There wasn’t an obvious answer to this question; the recent history of conflicts in Sierra Leone means that many voters haven’t had the chance to go to school — literacy rates are low. And most people are too poor to own a TV. Convinced that written materials weren’t a good option, Casey and her co-authors landed on a different method to reach voters: debates.

The researchers worked with a civil society media group to host and video debates in which candidates answered questions about their qualifications and policy stances. The field team then loaded a projector, a sound system, and a generator into a truck and drove to randomly selected communities around the country. They projected the candidate videos onto the sides of polling center buildings after sunset. Casey remembers engaged, energetic scenes among the large crowds of people gathered, as they watched the videos and discussed them.

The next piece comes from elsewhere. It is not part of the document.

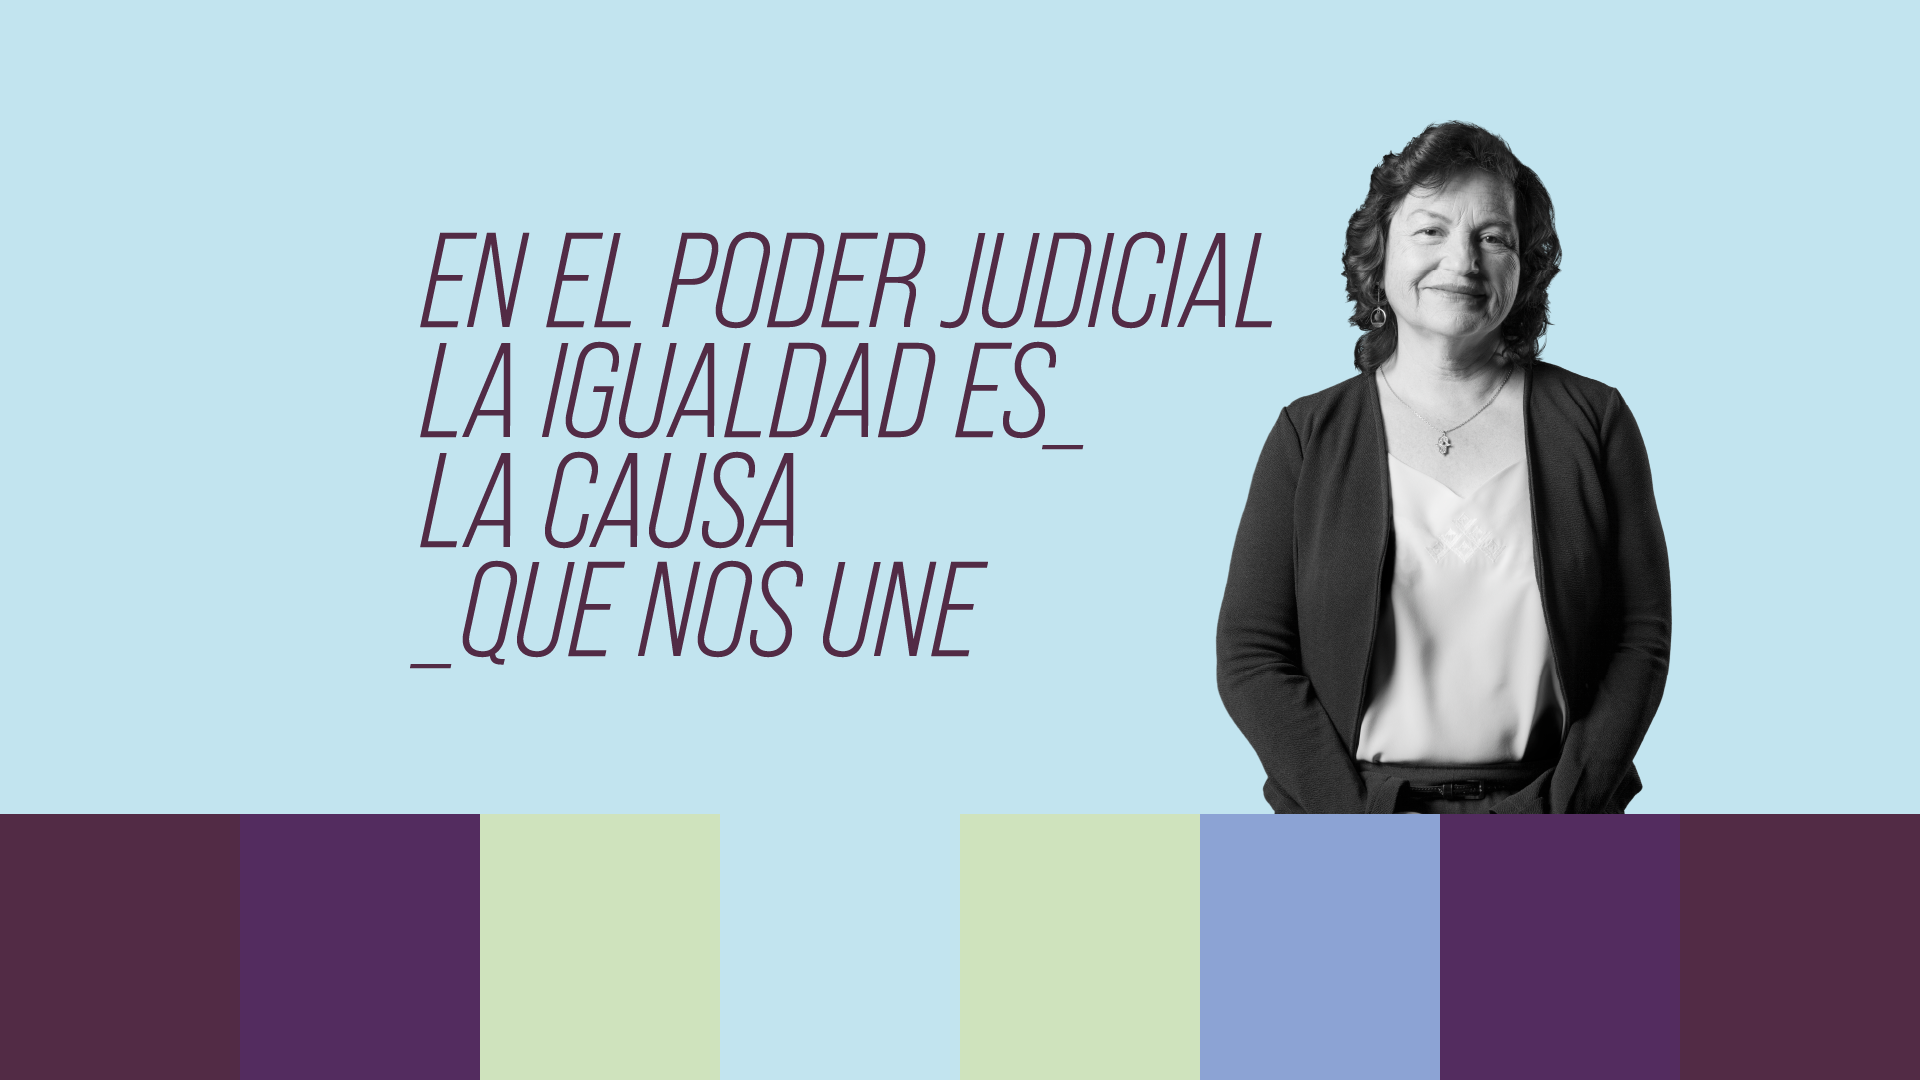 Campaña de sensibilización para promover el buen trato y las relaciones igualitarias en el Poder Judicial de Chile

The project revealed that the information shared in the public debate screenings changed the way people voted — in favor of higher-performing candidates. This type of information sharing also pushed candidates to invest more on campaigning in the places that had held screenings; moreover, the candidates who had participated in the debates had spent more on development projects 18 months after taking office.

Casey says that disseminating information to voters about their candidates appeared to close an accountability loop: “Voters are better informed and change their voting behavior; candidates change their campaign behavior; and it creates accountability pressure on elected officials,” she says.

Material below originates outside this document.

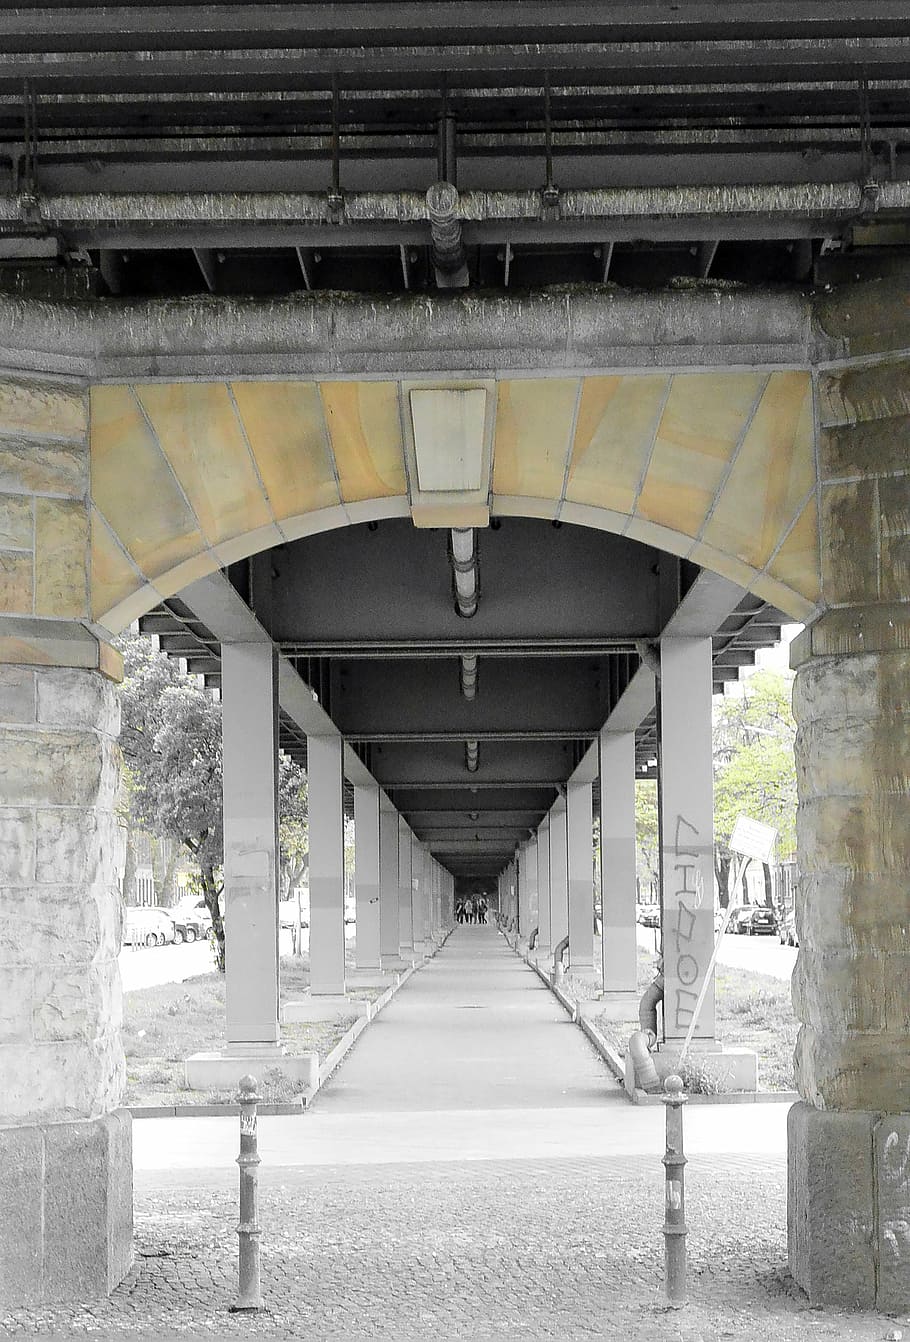 berlin, kreuzberg, bagian, ubahn, tujuan, arsitektur, koneksi, struktur yang dibangun, jembatan, jembatan - struktur buatan manusia

Who is choosing the candidates?

Casey arrived at her next project by taking a step back from her recent findings and, again, asking the next natural question: Information may empower voters in making the best-possible election choice, but who’s selecting the candidates running for office? The answer was party leaders, who had internal selection processes that didn’t involve voters.

“Voters are perfectly enfranchised on paper,” Casey says. “Elections are free and fair, there’s high voter turnout; everybody’s super engaged. But, de facto, voters are kind of irrelevant. Because the party chose the candidate, and most of the races are in regional party strongholds, so the candidate is near guaranteed to win the general election.”

So she and her fellow researchers worked with Sierra Leone’s two major political parties to experiment with a candidate-selection process that more closely resembled a U.S. direct-vote primary. The researchers would’ve preferred to organize binding direct-vote primaries, but the parties weren’t interested in going that far — instead, they struck a compromise, in which they hosted conventions where prospective candidates presented their qualifications and broadcast them over the radio to voters. Then, the researchers conducted opinion polls of voters, whose results were compiled into one-page reports to share with the parties. Party leaders were under no obligation to select the voters’ choice of candidate — but as it turned out, they often did, and ended up with higher-quality candidates as a result.

Back at the GSB, in her course Strategy Beyond Markets, Casey helps her students connect the dots between governance and market opportunities, in the U.S. and around the world.

“There’s not a country in the world where the government doesn’t intervene and shape market opportunities,” Casey says.

In low-income countries like Sierra Leone, the stakes of understanding these connections may be especially high, since governance institutions often play an outsized role in markets, and because measures of basic welfare stand to improve so much.

“The long-run goal of improving governance in low-income countries is that it opens up more space for private investment, which can be transformative,” Casey says. “If you get great companies in, running clean businesses, there’s job creation, human capital spillovers, and it’s just a great, powerful engine of growth.”